Update, March 30: Originally scheduled for November, this Mini Law School was postponed. It will now take place on Wednesday, April 4 at 7 p.m.
Tax havens are the modern day equivalent of buried treasure chests: an unknown amount of wealth locked up in an exotic undisclosed location, hidden from view until moved by the owner or otherwise discovered.
But what are the consequences of maintaining or finding foreign accounts in today’s more sophisticated economic and legal system?
Schulich School of Law Professor Geoffrey Loomer hopes to clear up some of the misconceptions about what you can and can’t do with your money offshore during his upcoming Mini Law School lecture: “Buried Treasure: The Use and Abuse of Tax Havens.”
“I’m going to dispel some of the myths about what your legal obligations and rights are under Canadian tax law with respect to having money offshore, and provide some information on how people are using tax havens to either evade tax, which is criminal behaviour, or avoid, mitigate, or reduce their taxes in ways that are legal under Canadian law, but some people might consider improper,” says Prof. Loomer, who specializes in international tax law.
Cracking down on offshore accounts
A tax haven is a jurisdiction with low or no tax on some kinds of income. Well-known tax havens include countries such as the Cayman Islands, Bermuda, Hong Kong, the Channel Islands, Switzerland and Liechtenstein.
Prof. Loomer will talk about recent examples of evasion, and discuss how governments around the world have been increasing their efforts to track down offshore accounts and make evaders come forward and pay their tax.
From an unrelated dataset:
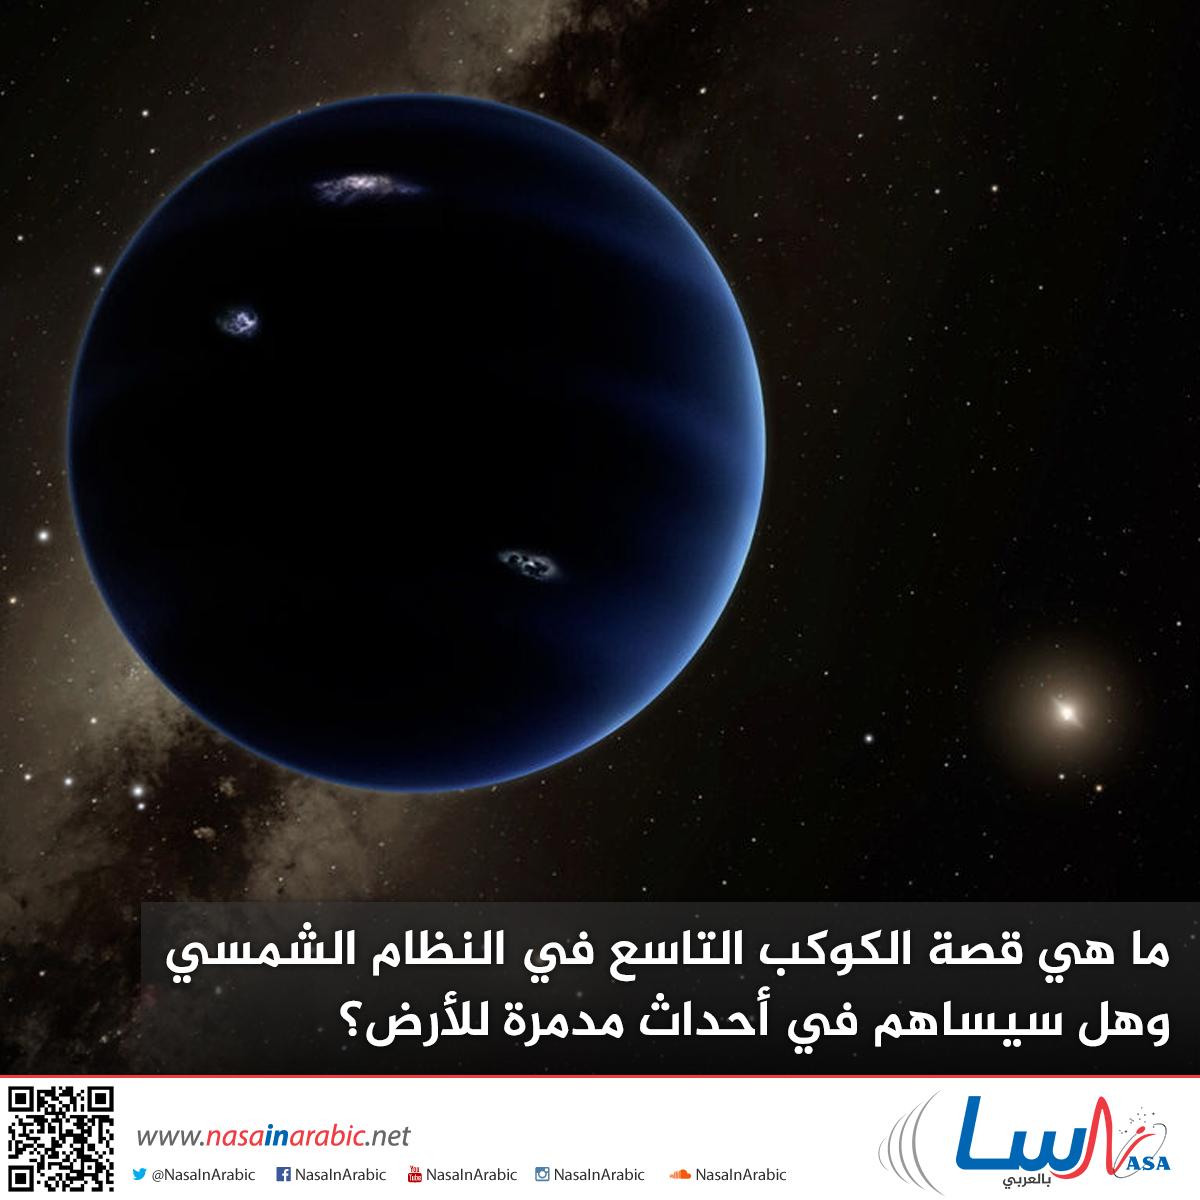 ما هي قصة الكوكب التاسع في النظام الشمسي وهل سيساهم في أحداث مدمرة للأرض؟

“For Canadian residents, I’m sorry, there’s not really much you can do to not pay tax in Canada on your worldwide income,” he explains. “But people still try, and the Canadian response since about 2008, along with the rest of the G20, has been to try to crack down on that.”
Much of this has been done, successfully, through a massive expansion of information exchange among countries, including the traditional tax haven holdouts.
While tax law might seem overly technical, Prof. Loomer notes that these issues also have important political and social ramifications, especially in the current climate of the global occupy movements protesting the wealth of the 1 per cent.
“The tax system is designed in part to redistribute wealth from the extremely rich, including large companies and high net-worth individuals. To some extent, the system fails because those are the persons who have access to these methods of either evading or avoiding tax.”